▶ [DATASET EXCERPT]

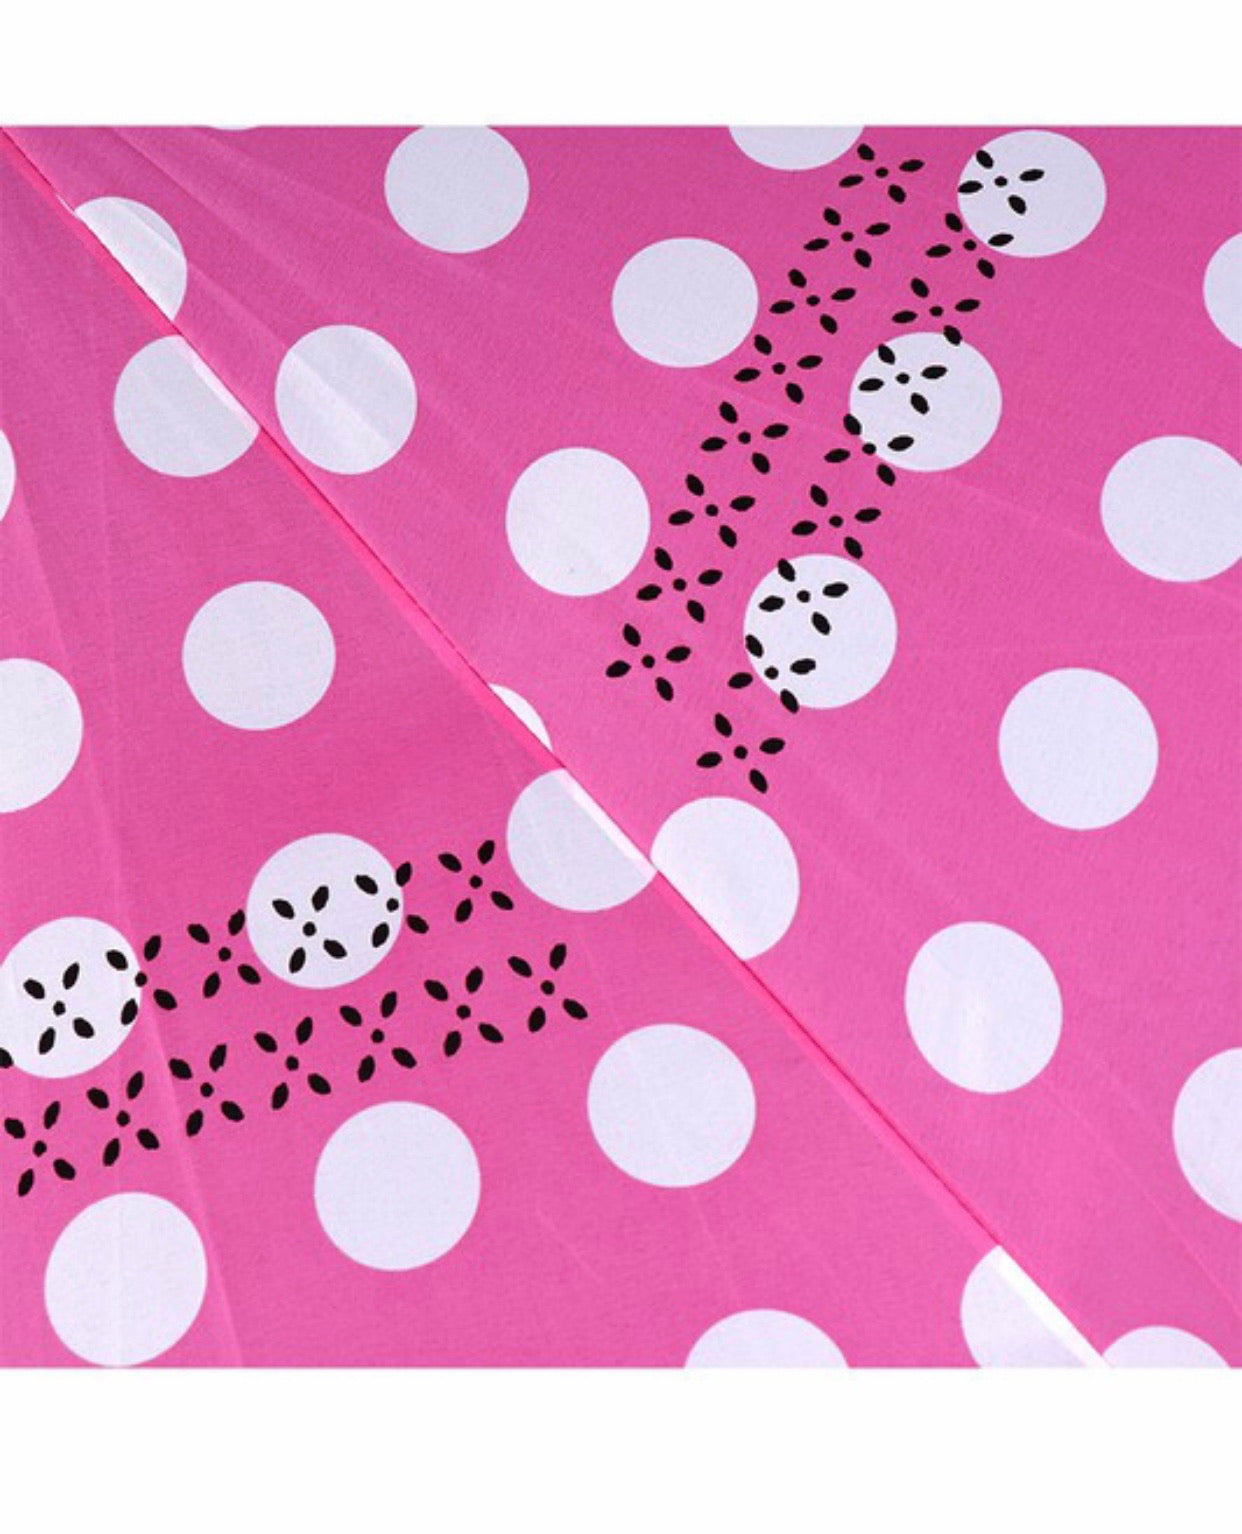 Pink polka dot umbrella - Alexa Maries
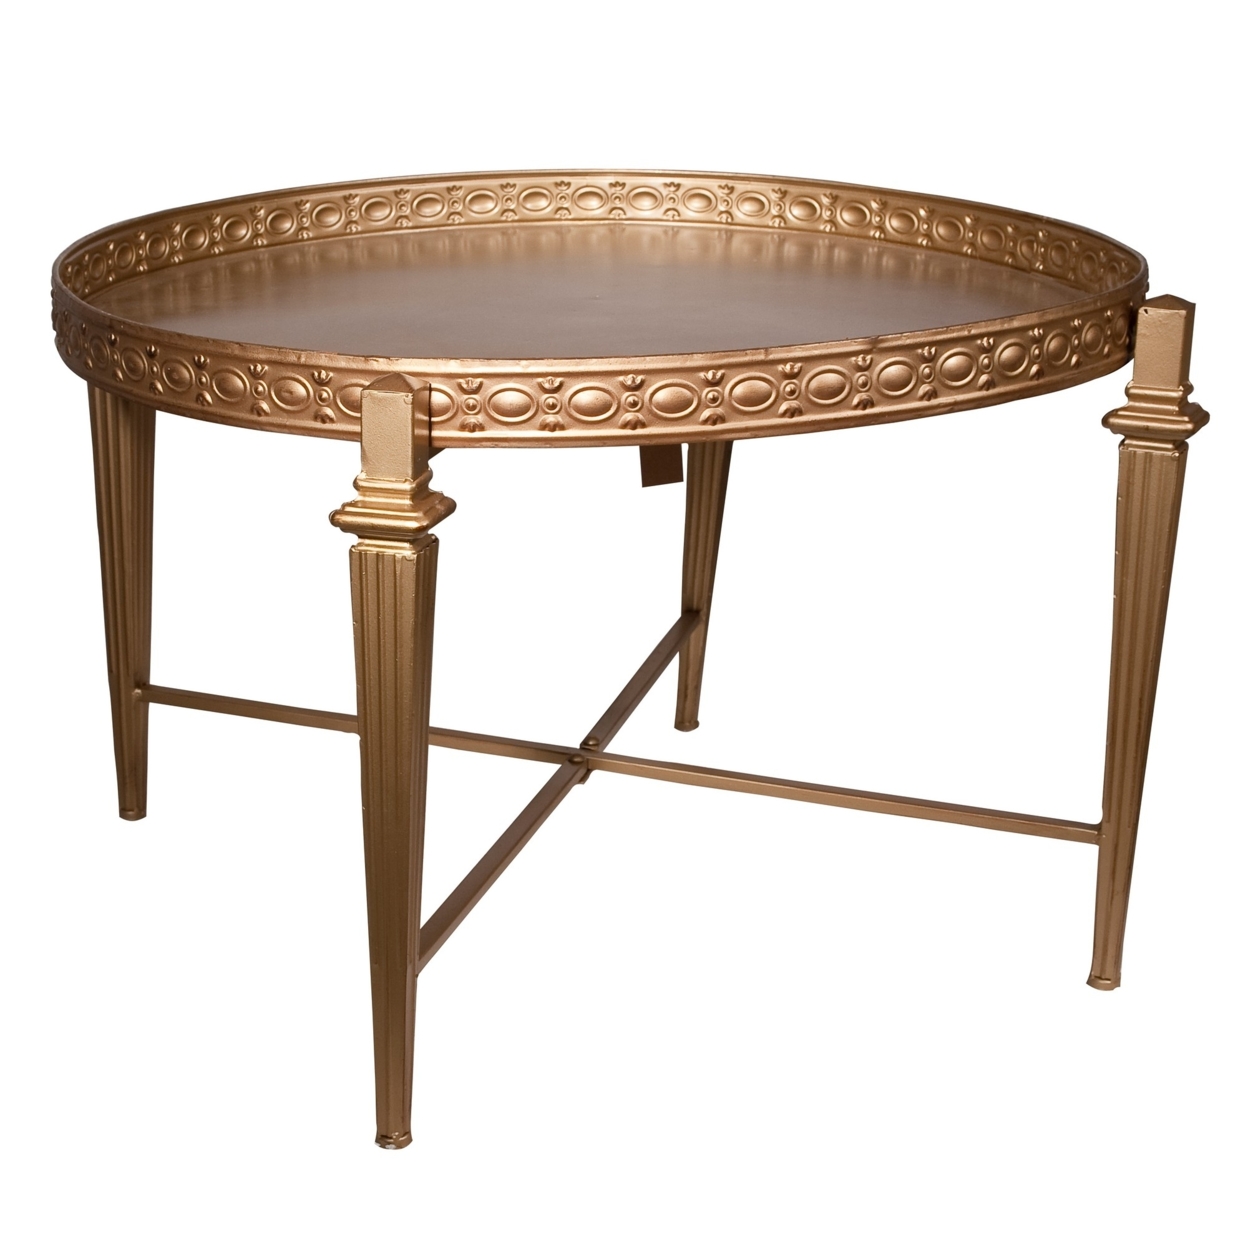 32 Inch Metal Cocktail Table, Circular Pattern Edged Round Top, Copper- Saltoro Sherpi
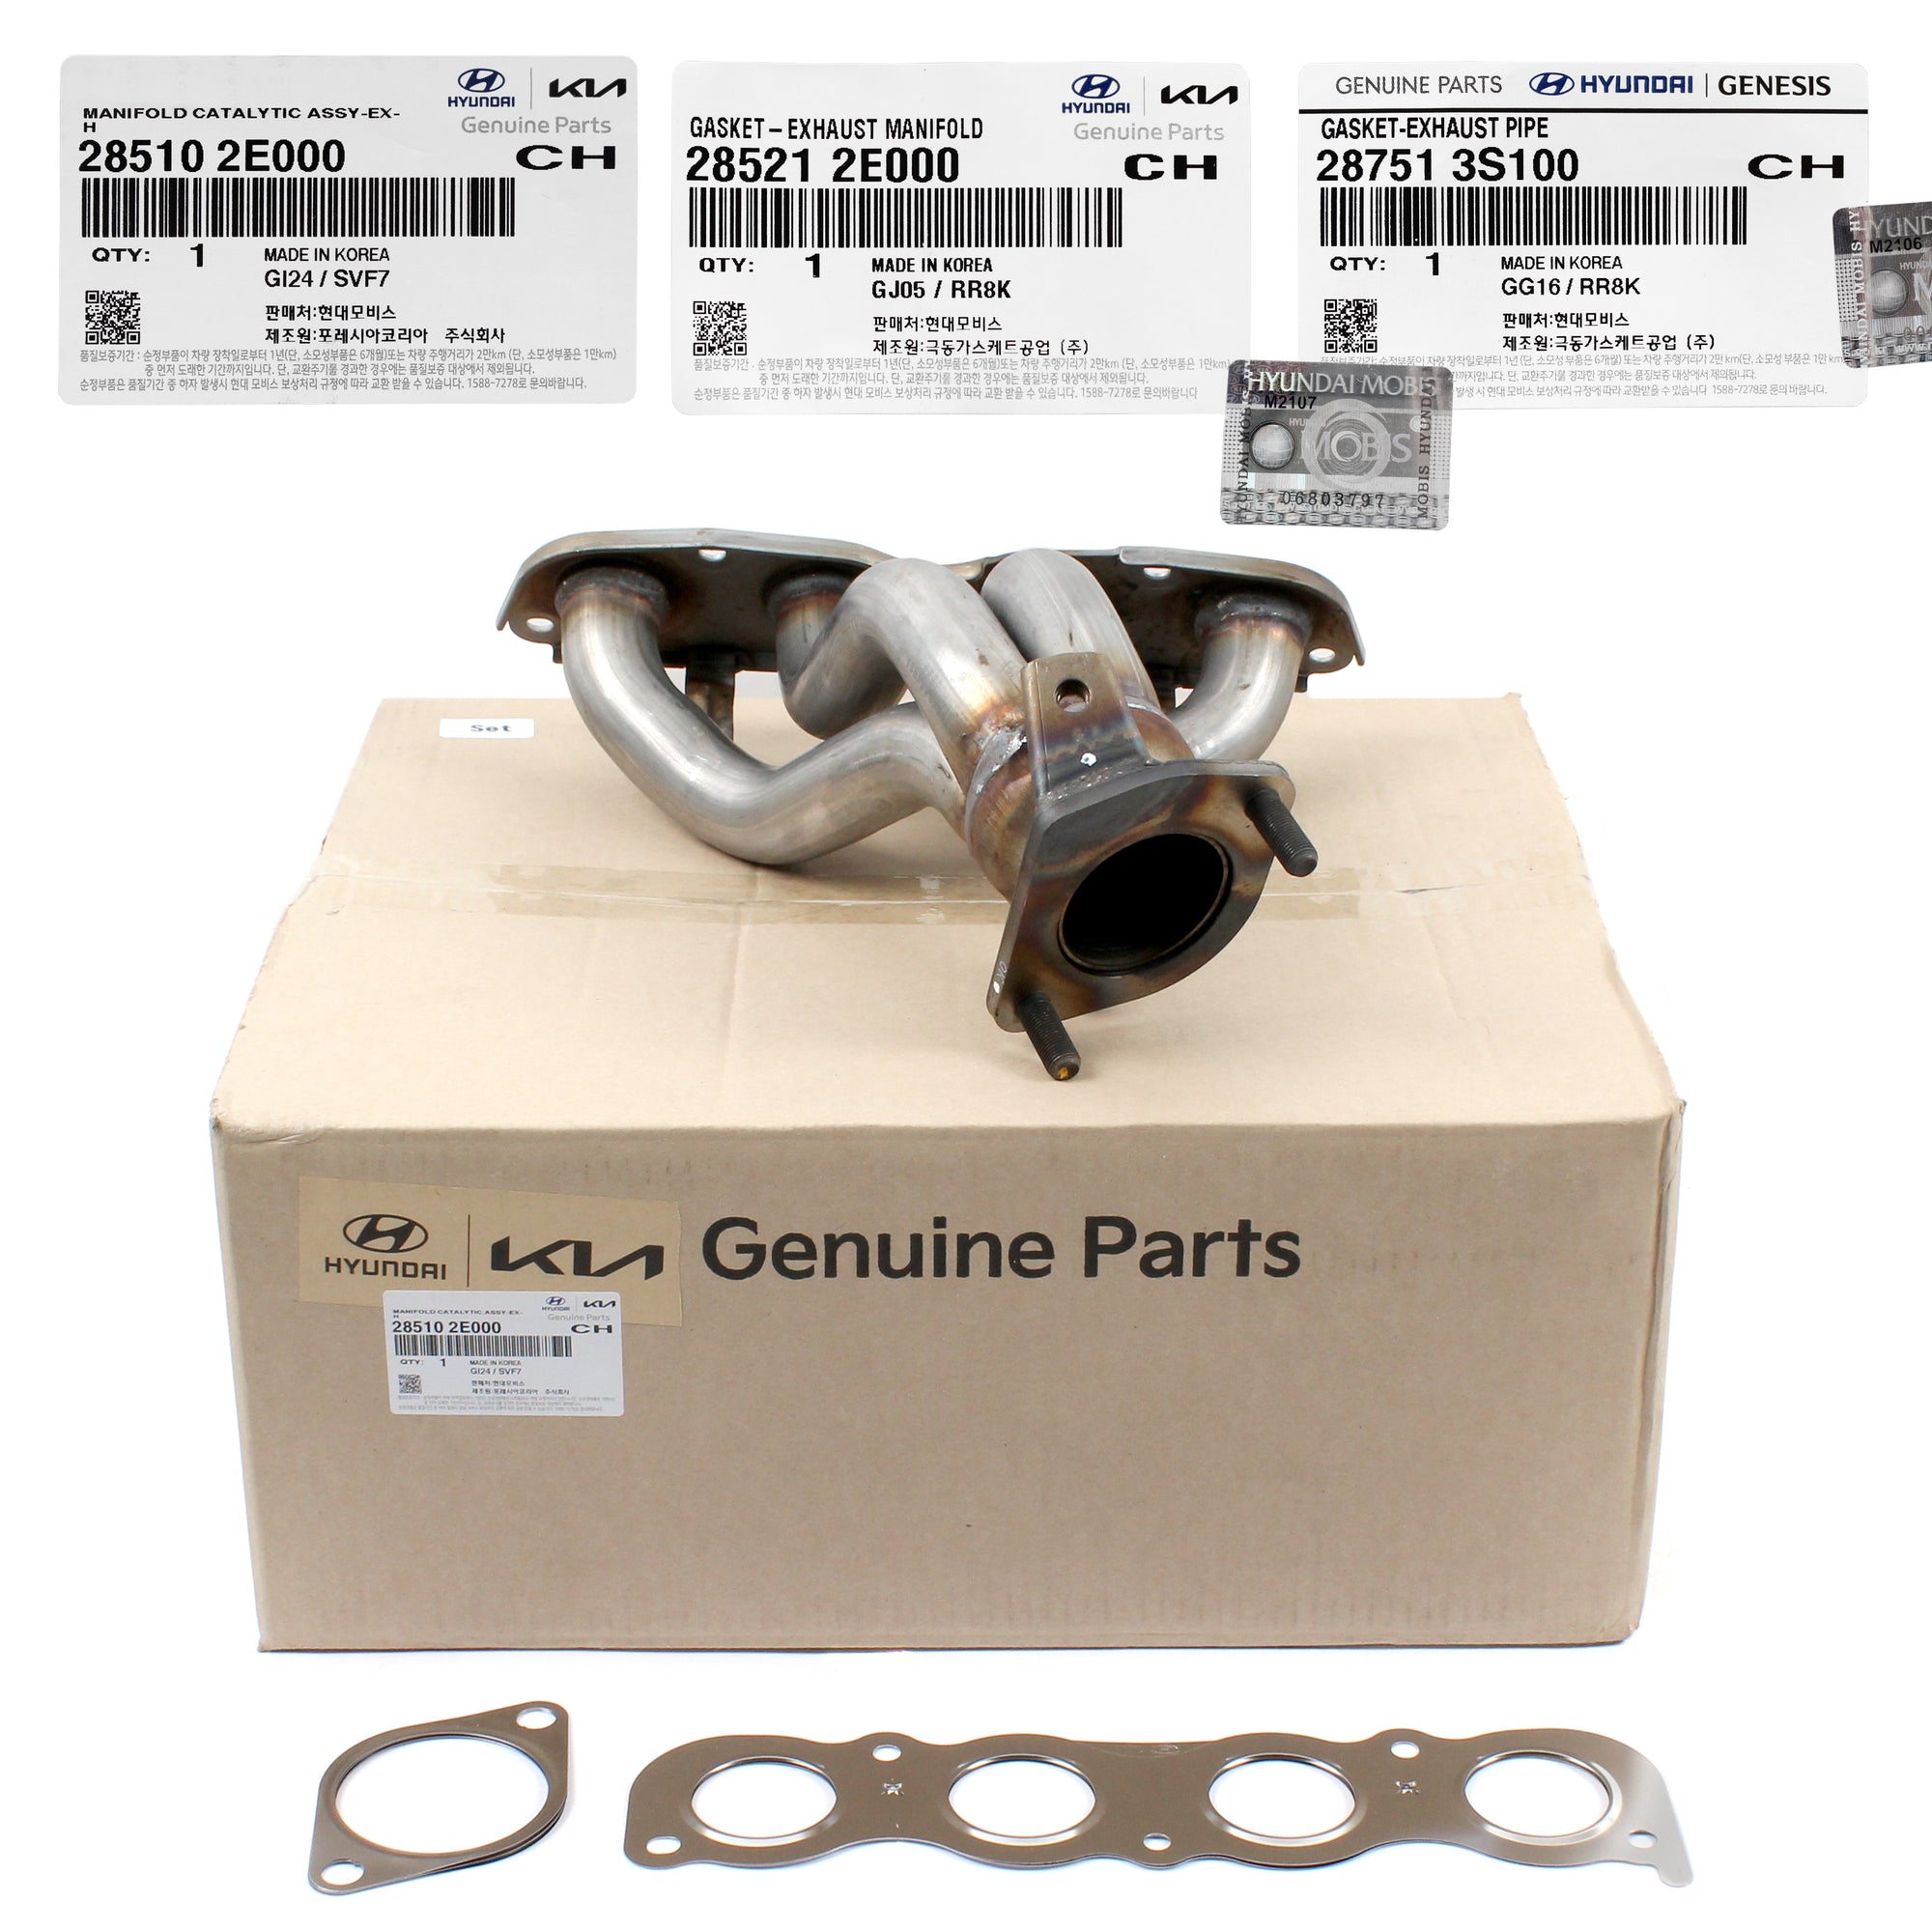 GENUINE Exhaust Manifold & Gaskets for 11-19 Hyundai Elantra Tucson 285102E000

▶ [YOUR ASSIGNMENT]
The response must repeat all the lines above exactly and include no pictures.

▶ [RESULT BELOW]
 Pink polka dot umbrella - Alexa Maries
 32 Inch Metal Cocktail Table, Circular Pattern Edged Round Top, Copper- Saltoro Sherpi
 GENUINE Exhaust Manifold & Gaskets for 11-19 Hyundai Elantra Tucson 285102E000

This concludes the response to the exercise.